* **Try it**
From the line with "The New Mercedes" to the line with "Bobbel Home - Speeltent", output every line below exactly, both ends included. Skip the pictures.

* **Records for the task**
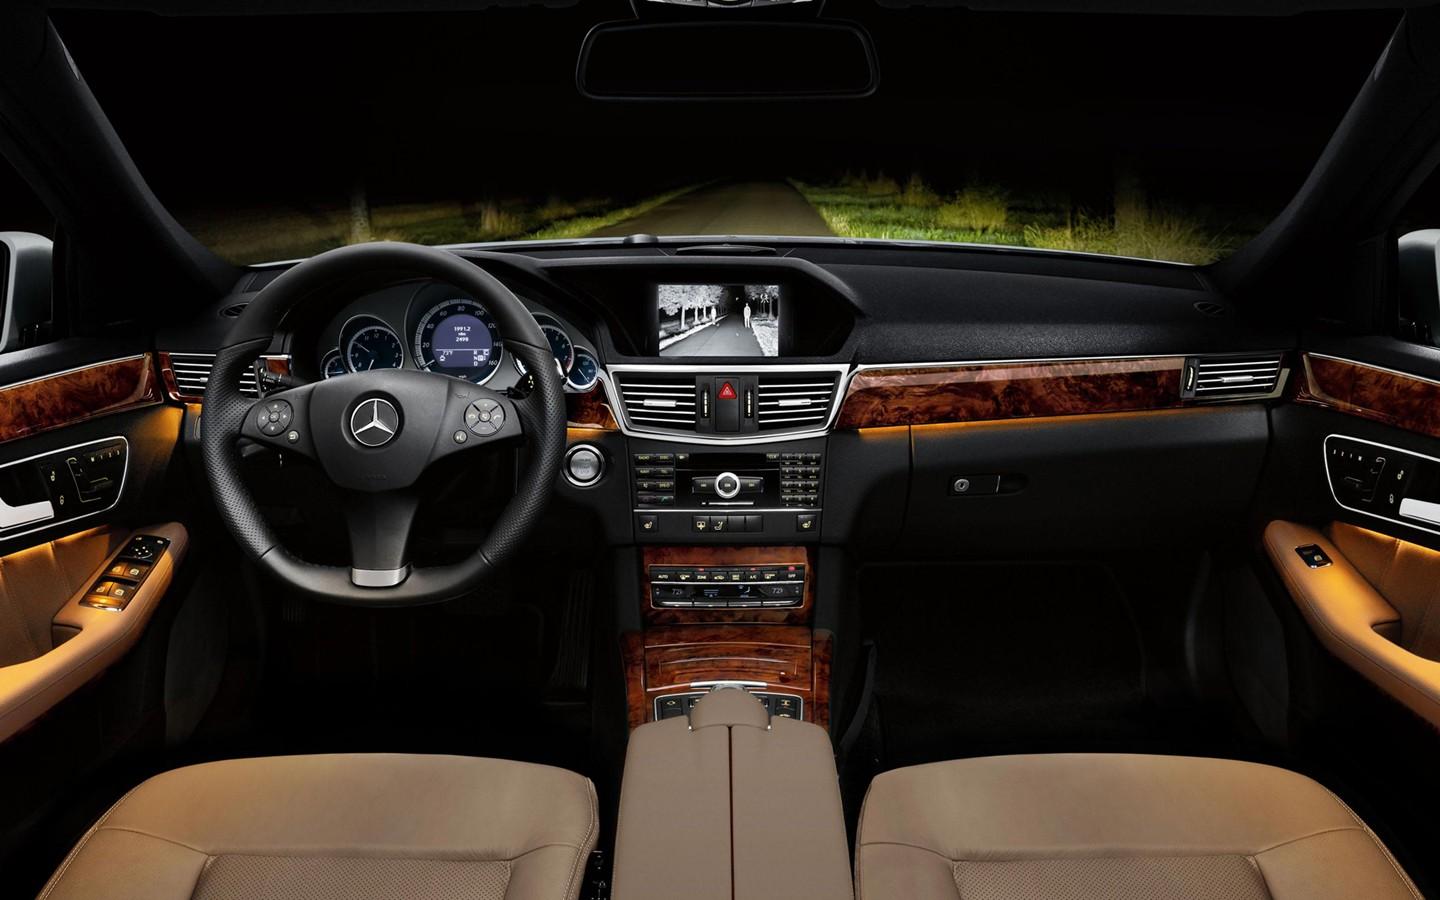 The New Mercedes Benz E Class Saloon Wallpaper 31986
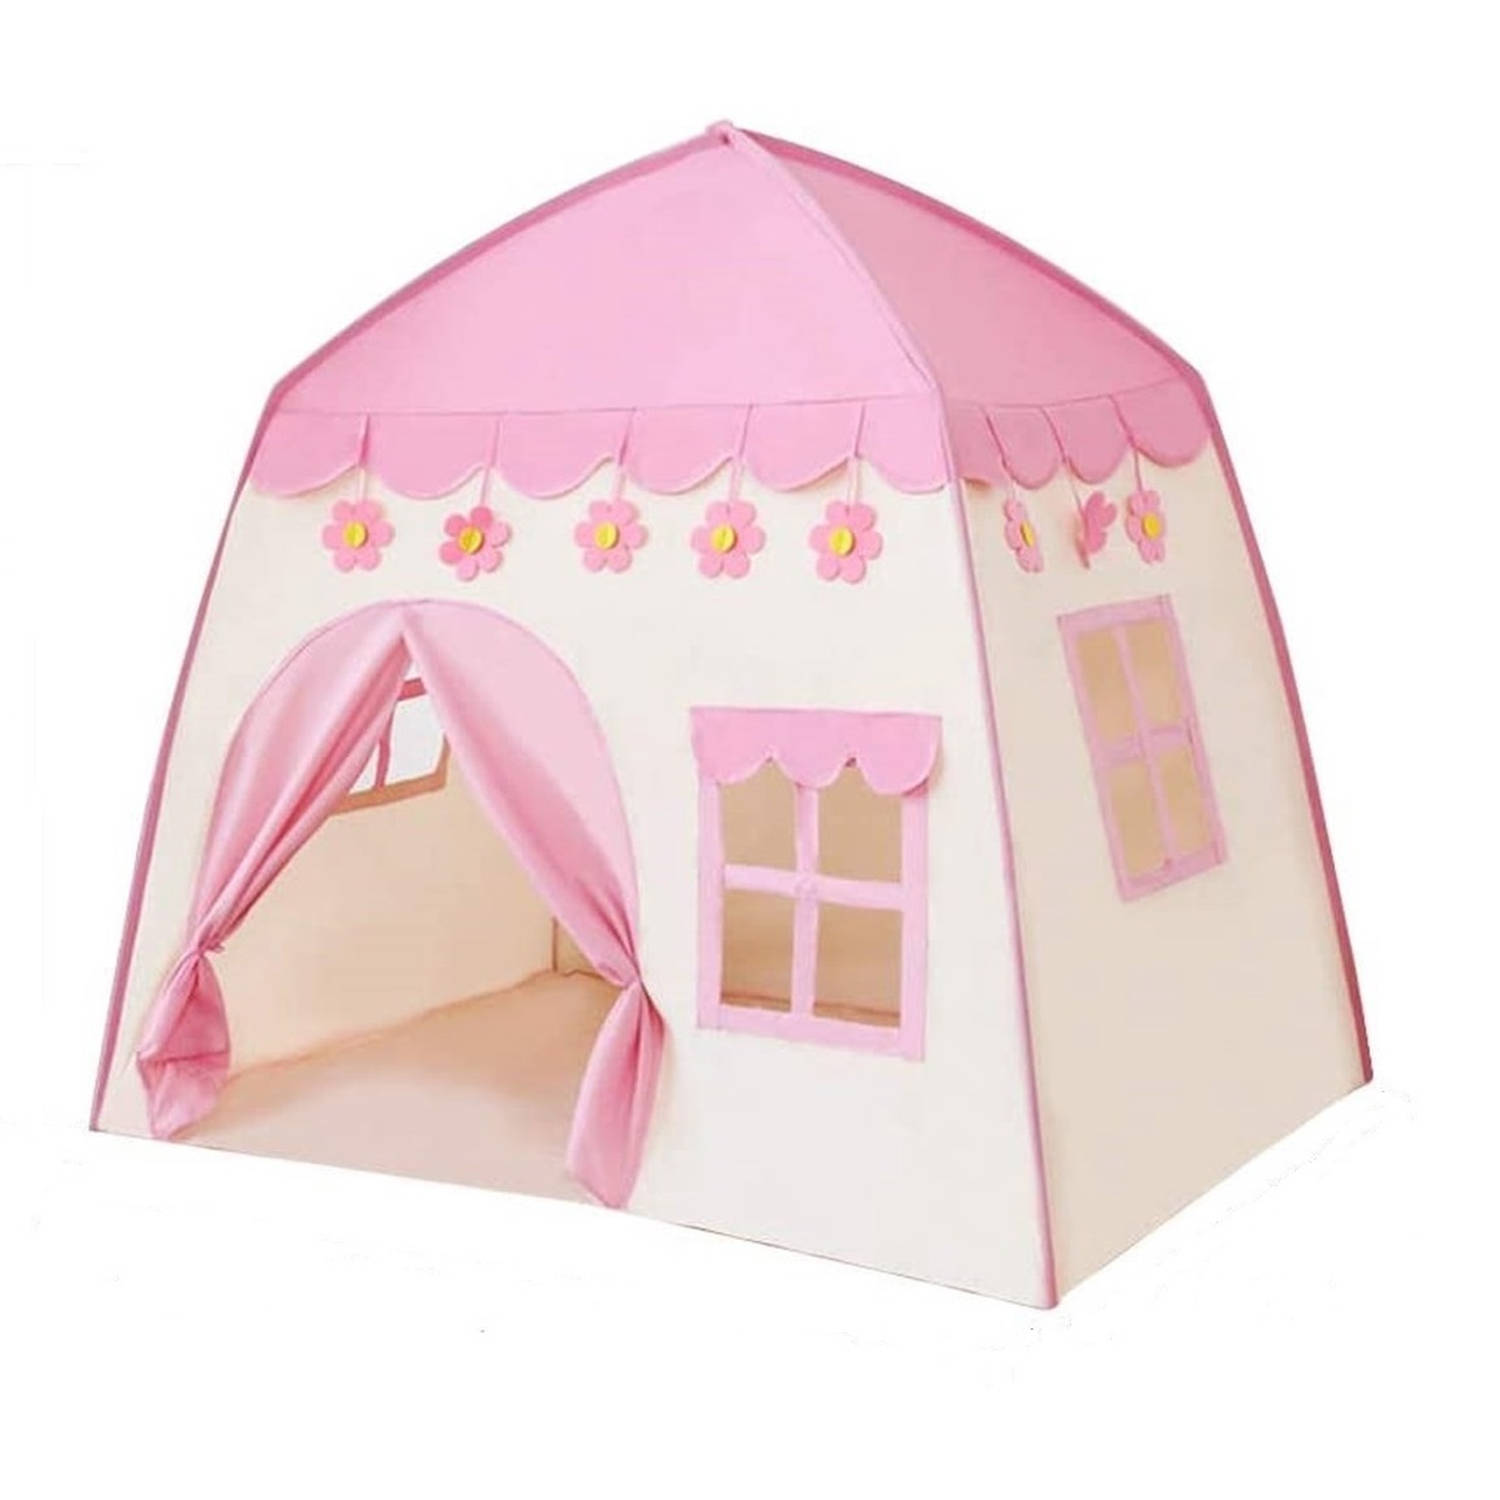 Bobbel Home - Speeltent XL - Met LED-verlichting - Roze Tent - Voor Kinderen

==

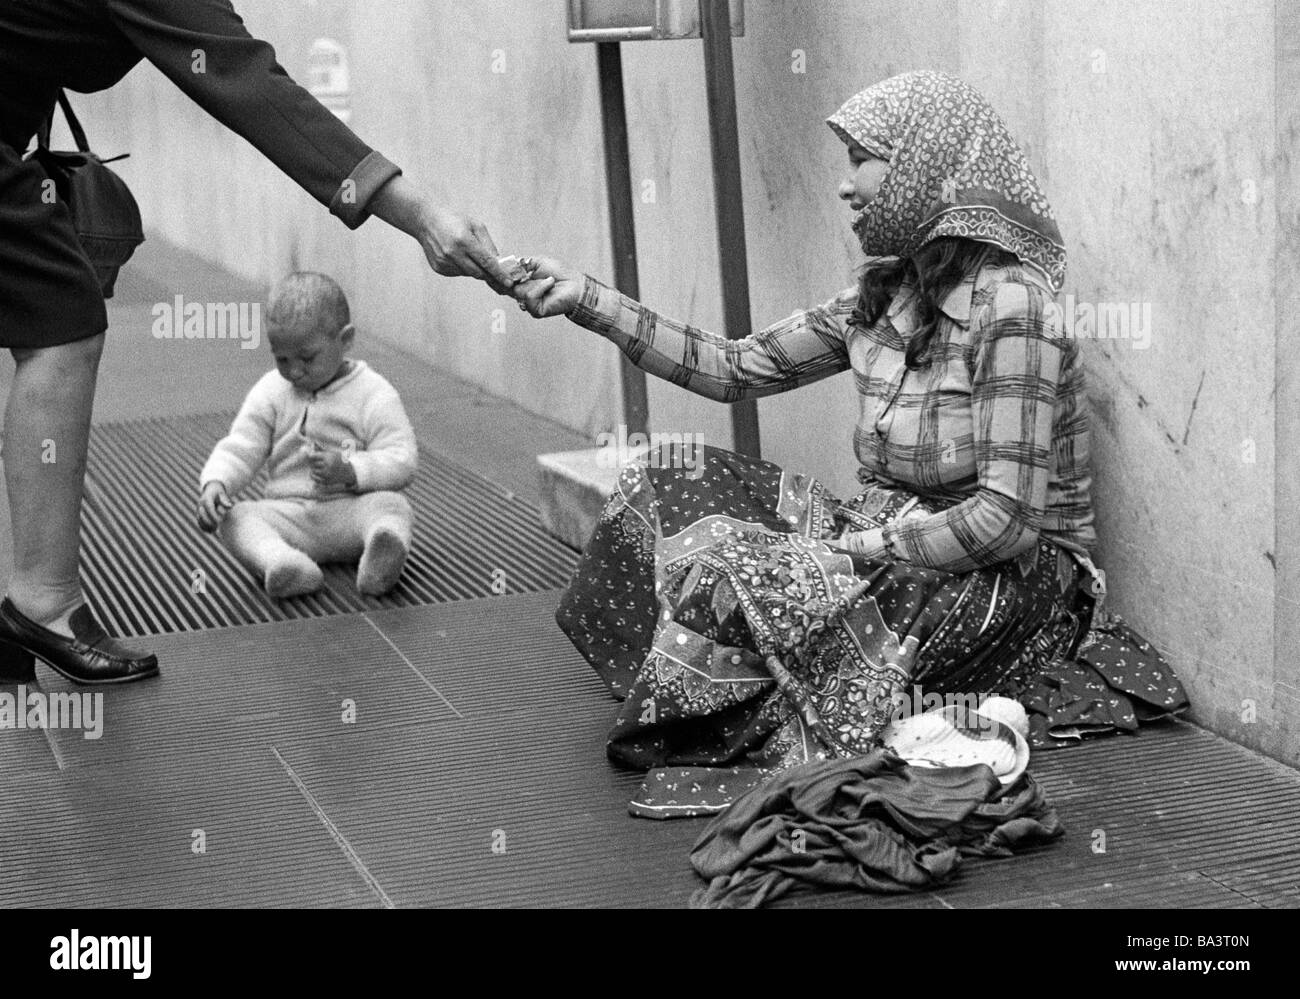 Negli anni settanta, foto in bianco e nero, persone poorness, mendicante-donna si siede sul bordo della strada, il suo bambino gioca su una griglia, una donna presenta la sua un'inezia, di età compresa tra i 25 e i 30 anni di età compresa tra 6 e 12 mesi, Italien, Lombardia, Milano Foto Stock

---

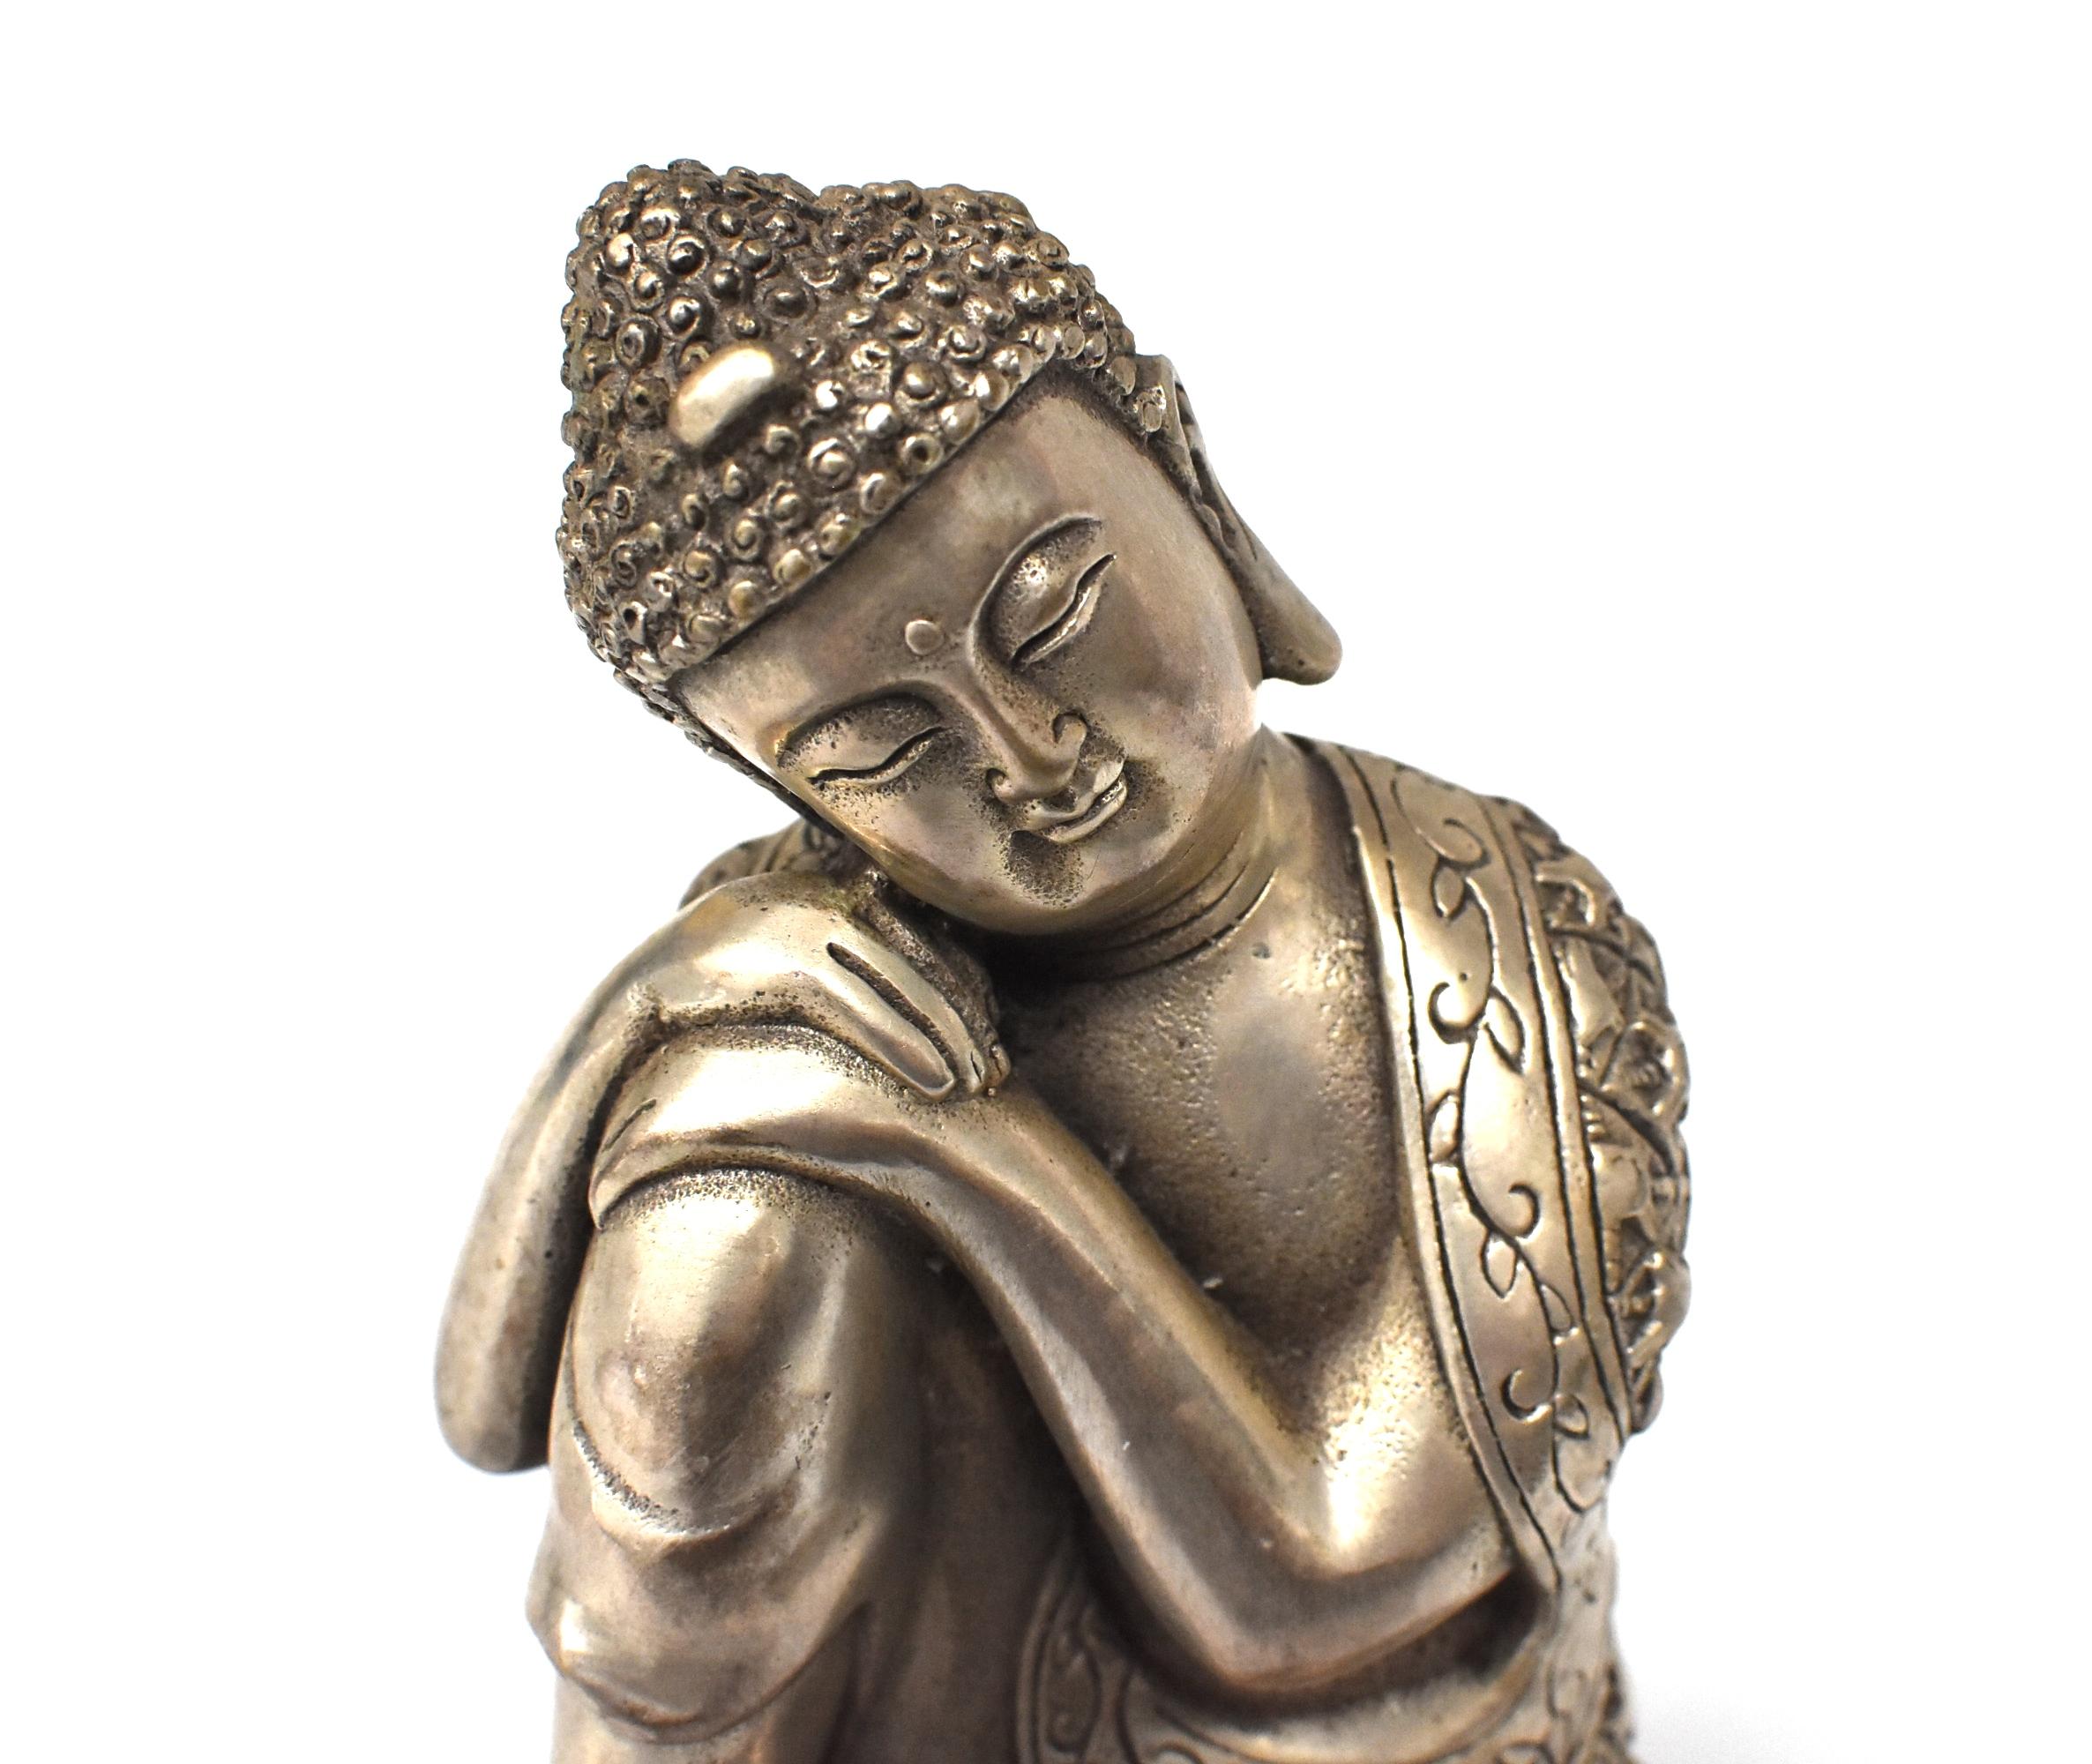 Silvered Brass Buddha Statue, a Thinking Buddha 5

* **Solution**
 The New Mercedes Benz E Class Saloon Wallpaper 31986
 Bobbel Home - Speeltent XL - Met LED-verlichting - Roze Tent - Voor Kinderen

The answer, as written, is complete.